These two functions help to format time for images.

In [15]:
def tformat(inn,title=None):
    if title == None:
        return datetime.datetime.utcfromtimestamp(inn.data.astype(int)/1e9).strftime("%Y.%m.%dT%H:%M:%S")#"%d.%m.%YT%H")
    else:
        return datetime.datetime.utcfromtimestamp(inn.data.astype(int)/1e9).strftime("%Y%m%dT%H")
def date_from_wgust_name(wgust_name):
    splitted = wgust_name[6:11].split('_')
    dat = '2019-10-' + str(splitted[0]) + 'T' + str(splitted[1]) + ':00:00'
    return dat

Now we look into deterministic prediction made on 25th of October for 27 of October. Through the map below, it is evident that there will be strong winds on the western coast and surrounding islands, as well as in the central and southern parts of the country.

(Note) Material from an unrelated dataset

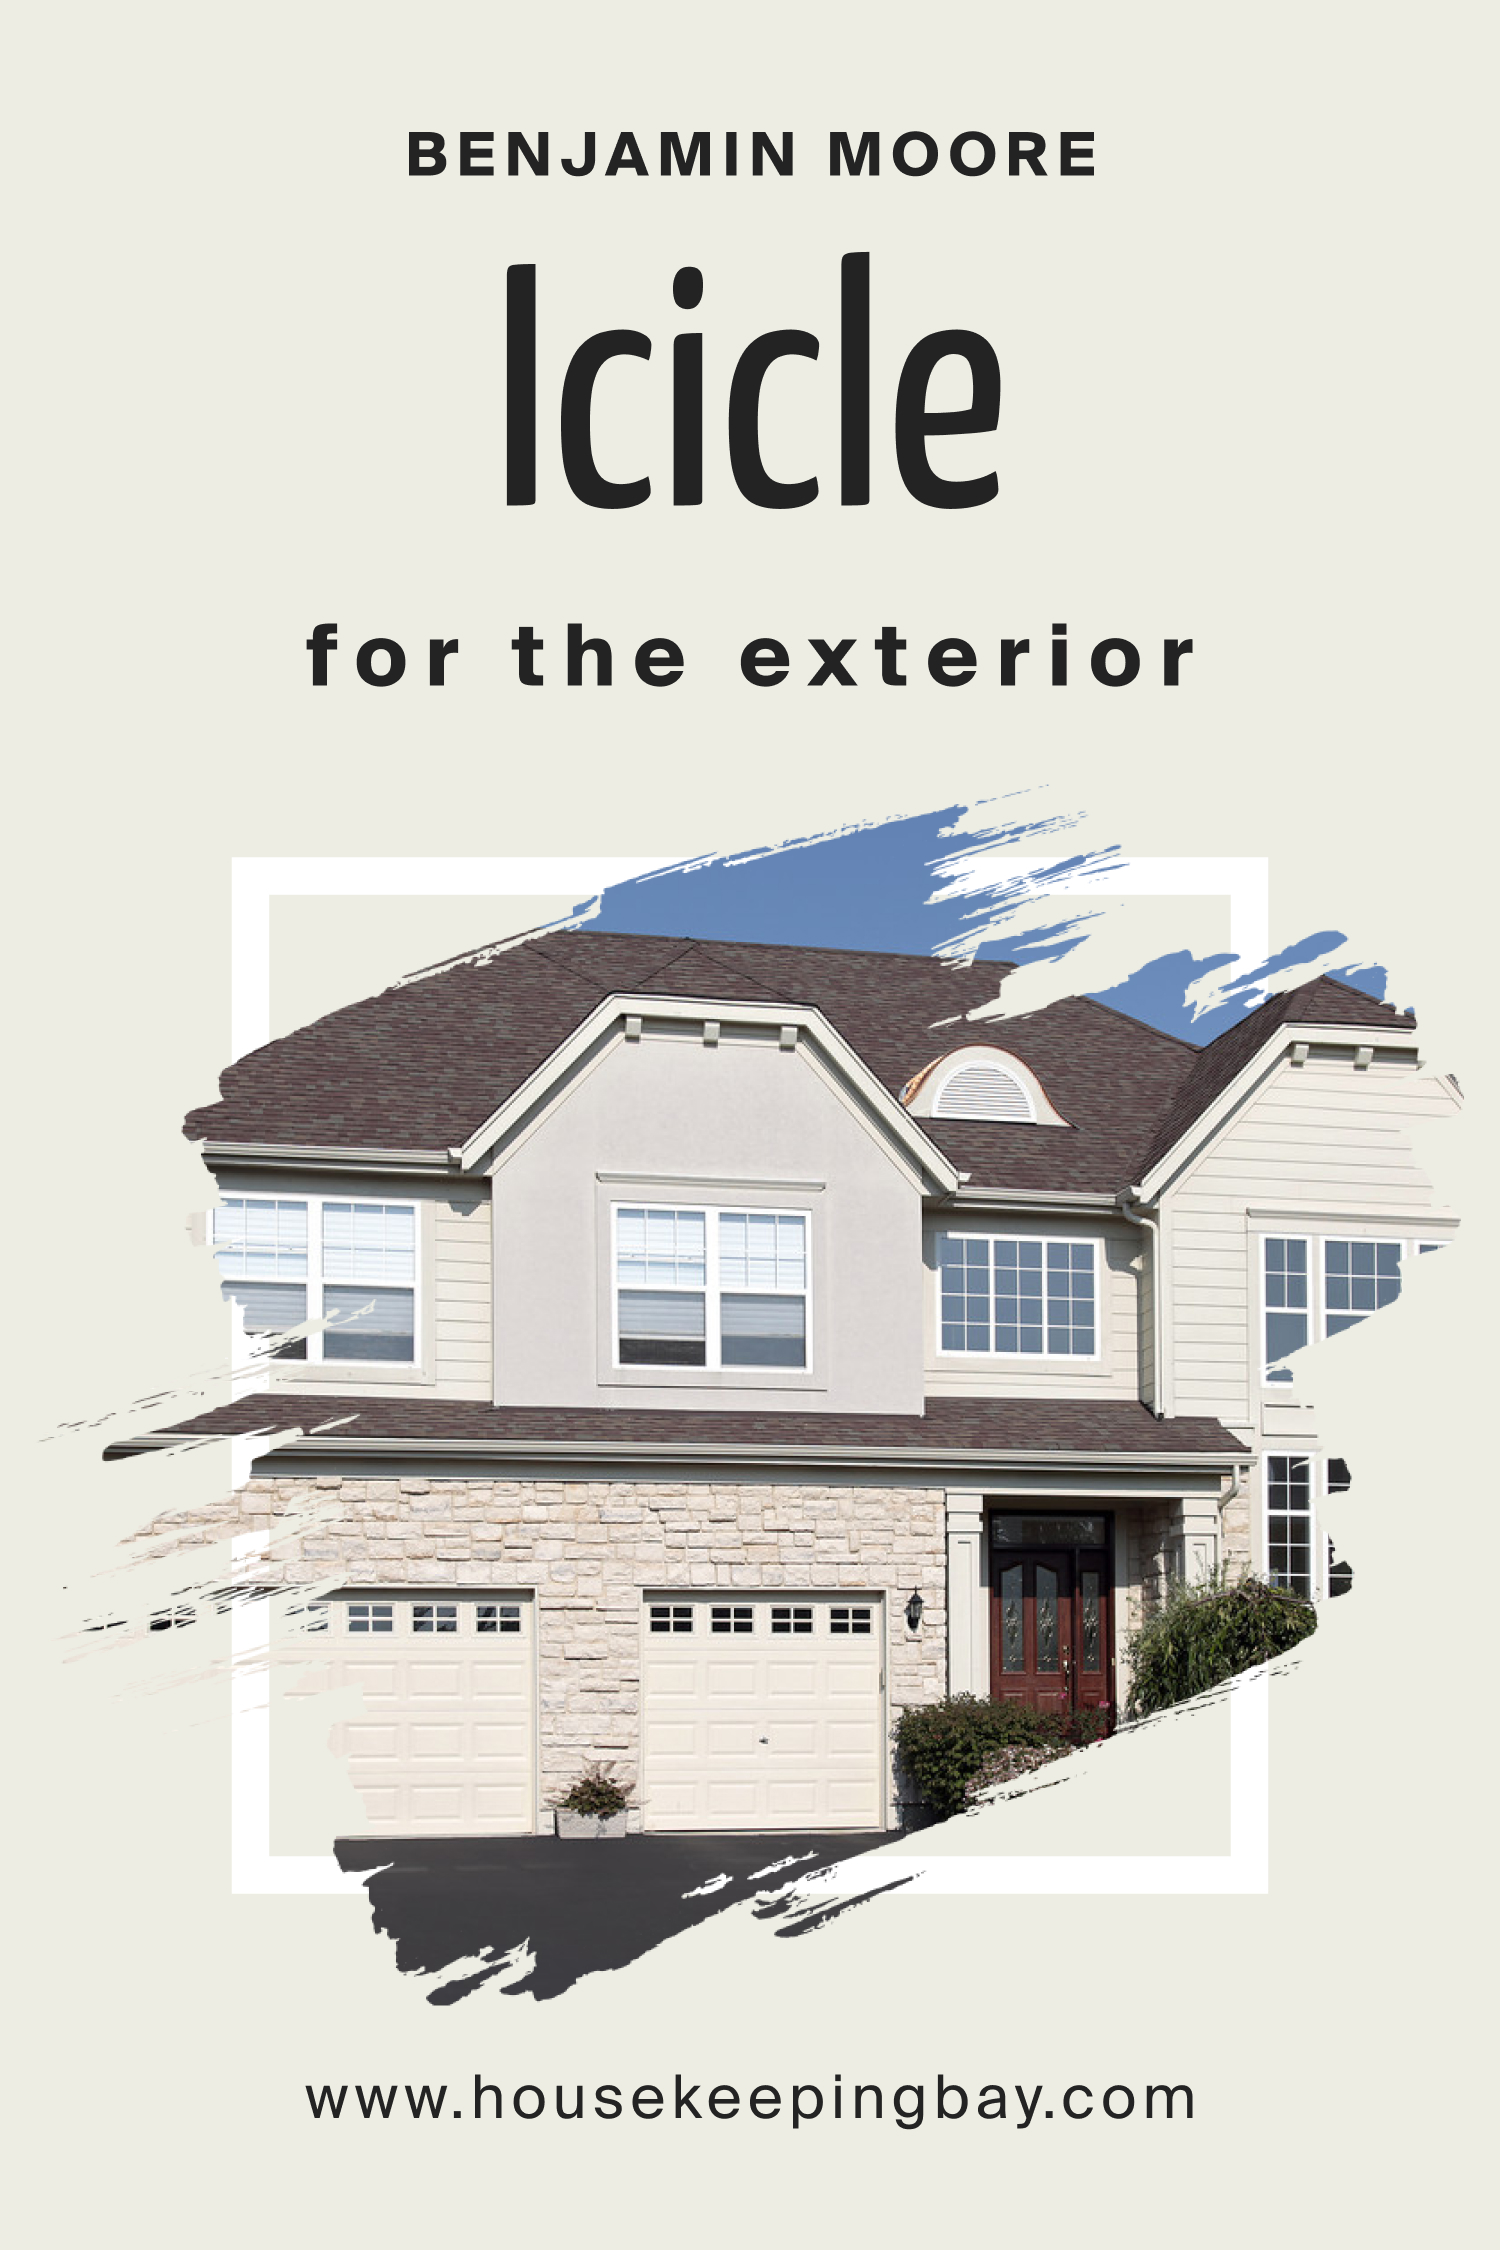 Icicle 2142 70 for the Exterior Use

In fact, it was found that both the distribution of strong wind areas and maximum values displayed by the forecast were similar to real-time observations.

In [16]:
%%time
f='wgust_25_12.nc'
ftemp = xr.open_dataset(f)
a = ftemp.wind_speed_of_gust.isel(ensemble_member=0, height3=0).max(axis=0)
fig = plt.figure()
X,Y = m(ftemp.longitude.data, ftemp.latitude.data)
levels = range(4,36,2)
ppp0 = m.contourf(X, Y, a, cmap=plt.cm.gist_ncar, levels=levels)
m.drawcoastlines()
m.drawcountries()
ttl = plt.title("Deterministic Prediction {}".format(date_from_wgust_name(f)) + '\nfor ' + tformat(ftemp.time[0]),fontsize=15)
ttl.set_position([.5, 1.05])
fig.subplots_adjust(right=0.8)
cbar_ax = fig.add_axes([0.85, 0.15, 0.05, 0.7])
fig.colorbar(ppp0, cax=cbar_ax)
plt.show()
#plt.savefig(f[:-3] + 'kontrollprogn.png',dpi=300,bbox_inches='tight')
CPU times: user 519 ms, sys: 149 ms, total: 668 ms
Wall time: 1.21 s

In the next graphs below, we created supplementary forecasts that were issued every six hours and for the exact same time period (the day of October 27th, 2019). It should also be noted that as the forecast lead times decrease in duration, they typically become more accurate.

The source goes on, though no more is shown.